Congenital and Childhood CNS Tumors



Congenital and Childhood CNS Tumors






Epidemiology

Primary CNS tumors: 20% of all childhood cancers, second only to leukemia. Incidence 2.8 per 100,000 under 15 years. Relative frequency: see Table 60.1.

Unlike adults, CNS metastasis from solid tumors rare in children.

Most tumors sporadic. Genetic neurocutaneous syndromes include neurofibromatosis (types 1, 2; see Chapter 100), tuberous sclerosis (see Chapter 103), epidermal nevus syndrome, von Hippel-Lindau disease (see Chapter 61).


Symptoms and Signs

Increased intracranial pressure: headache, vomiting, diplopia. Also fatigue, personality change, worsening school performance. Onset may be gradual.



  • Infants: nonspecific symptoms, including irritability, anorexia, persistent vomiting, developmental delay or regression, macrocephaly, downward deviation of eyes (“sunsetting”).


  • Warning signs: persistent vomiting, recurrent headache (awakening child from sleep), neurologic findings (ataxia,
    head tilt, visual loss, papilledema), endocrine disturbance (growth deceleration, diabetes insipidus), stigmata of neurofibromatosis.








Table 60.1 Common Childhood CNS Tumors























Tumor type Percentage of all CNS tumors
Pilocytic astrocytoma 24%
Medulloblastoma 16%
High-grade astrocytoma 14%
Ependymoma 10%
Craniopharyngioma 6%
Germ cell tumors 2.5%

Childhood CNS tumors equally frequently supratentorial and infratentorial (Table 60.2). Supratentorial tumors: headache, limb weakness, sensory loss, occasionally seizures, deteriorating school performance, personality change. Infratentorial tumors: headache, vomiting, diplopia, imbalance.


Congenital Tumors


Craniopharyngioma

Originates from remnants of embryonic tissue in Rathke pouch. Vary from small, well-circumscribed solid nodules to large multilocular cysts invading sella turcica.

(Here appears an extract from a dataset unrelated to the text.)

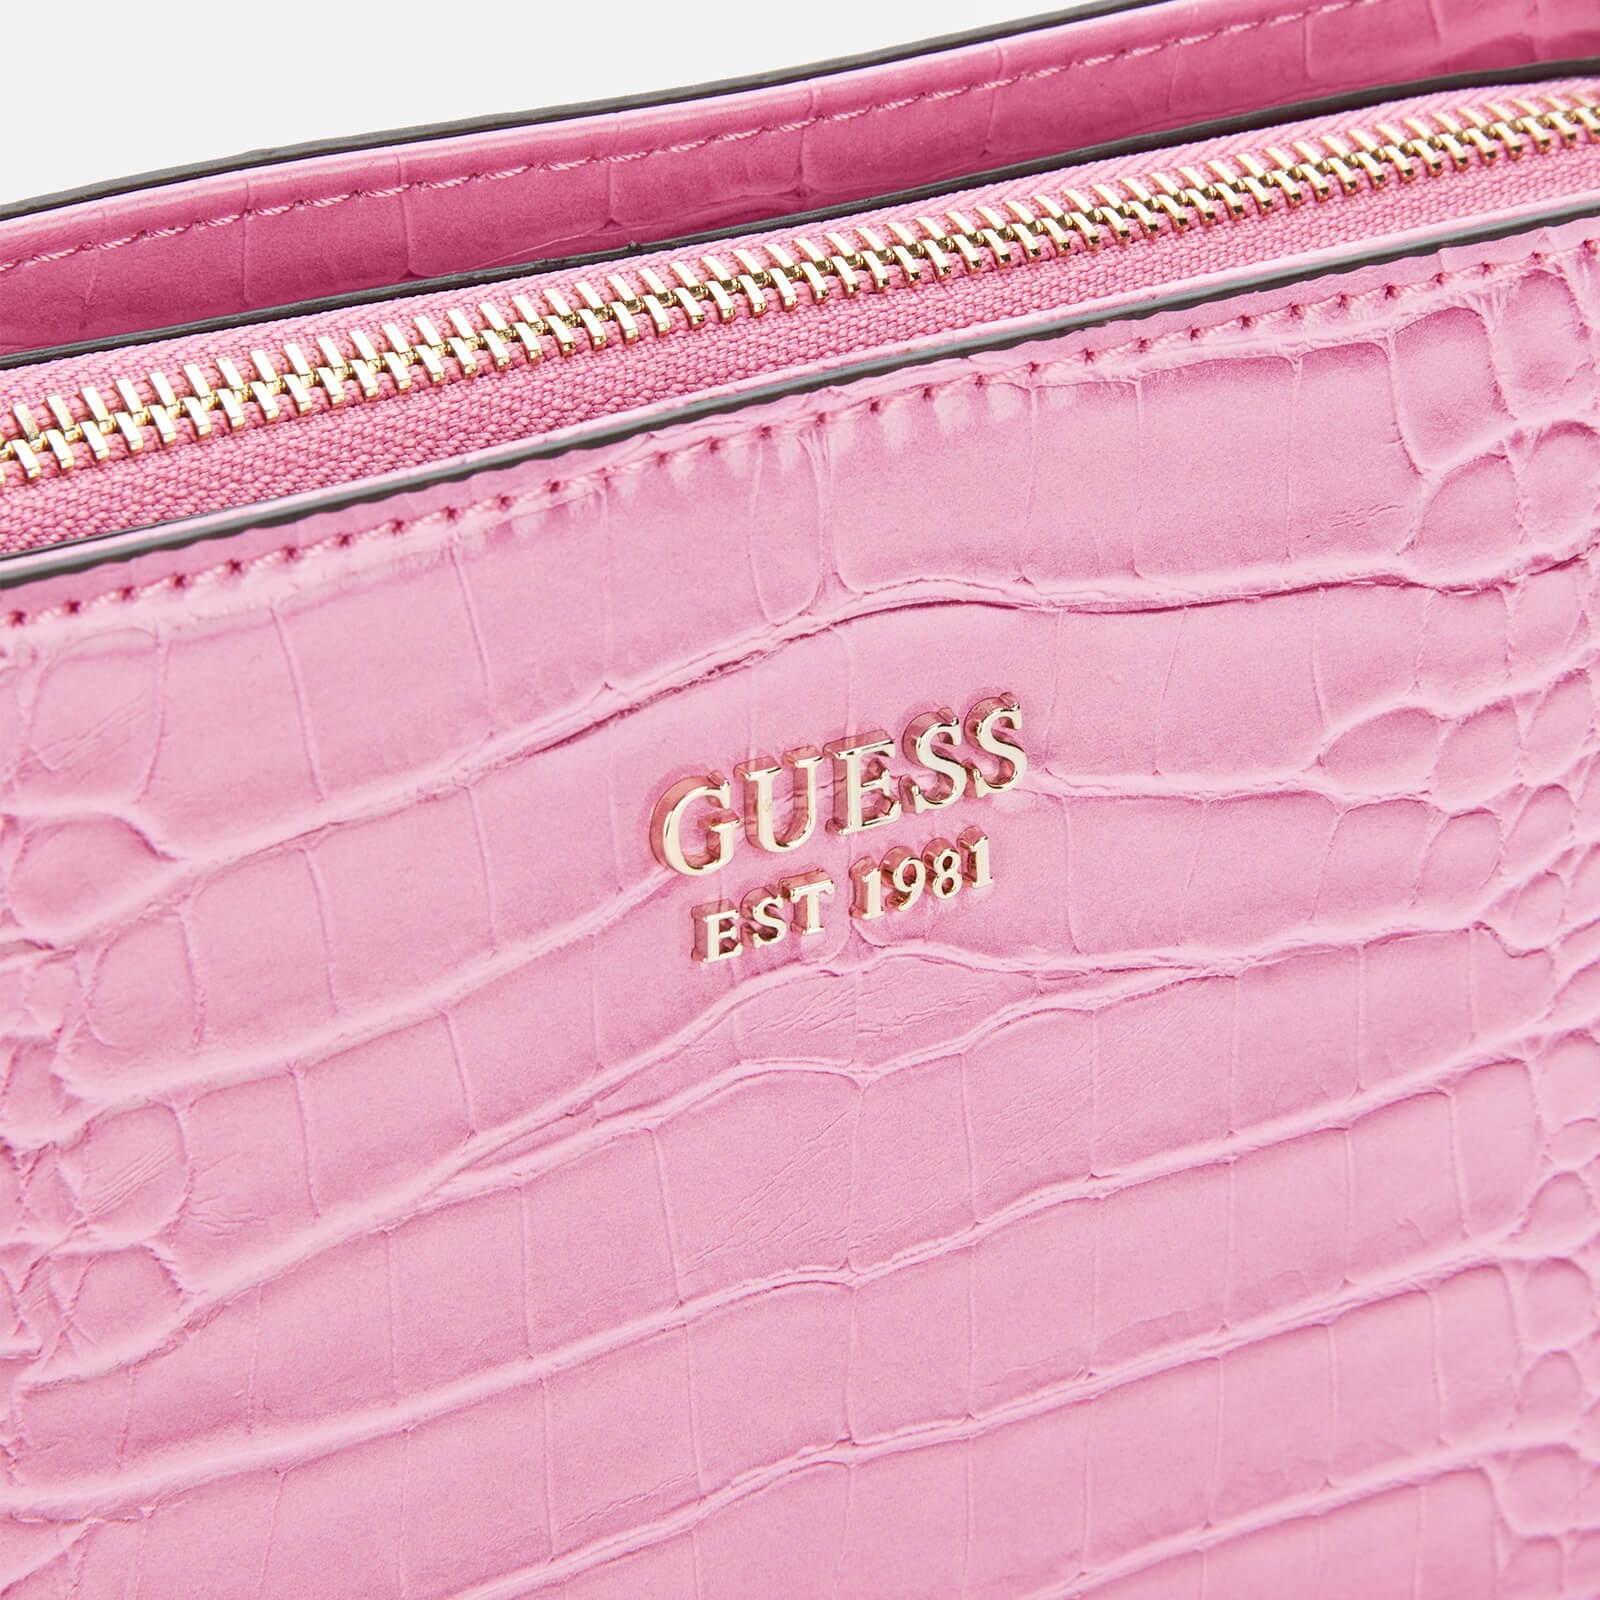 Guess Katey Mini Top Zip Shoulder Bag in Pink | Lyst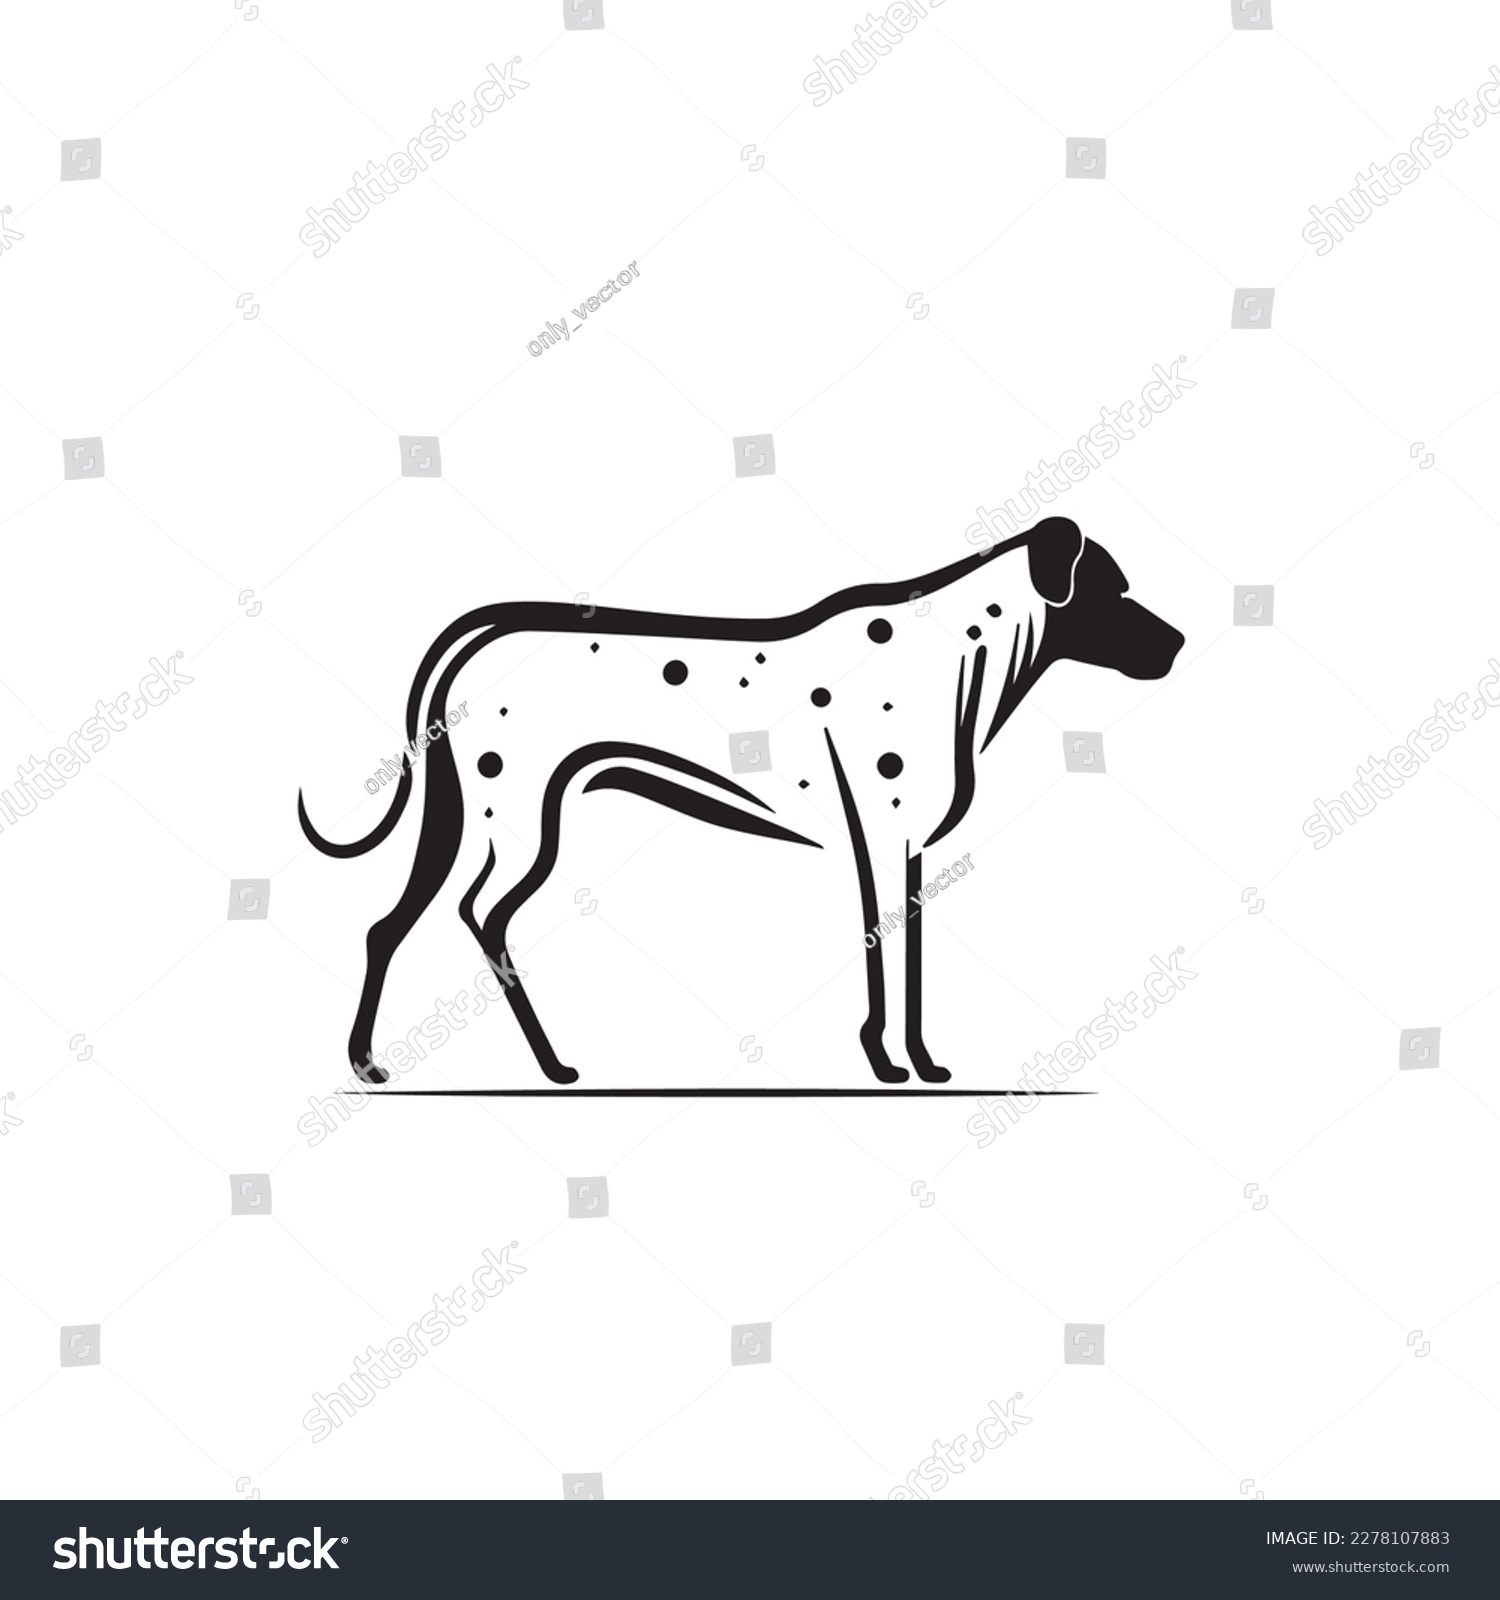 SVG of Dalmatian dog simple vector black image on white background. Silhouette svg vector illustration animal, laser cutting cnc. svg

Histologically benign but extensive local invasion may make total surgical removal difficult.

Clinical features: Short stature, hypothyroidism, diabetes insipidus, visual loss, signs of increased intracranial pressure.

Treatment options: (a) cyst drainage, resection of nonadherent tumor, localized radiation therapy (main side effect: cognitive loss in younger children); (b) gross total resection without irradiation (main side effect: lifelong panhypopituitarism). (c) stereotactic radiosurgery (“gamma knife”) for small tumors.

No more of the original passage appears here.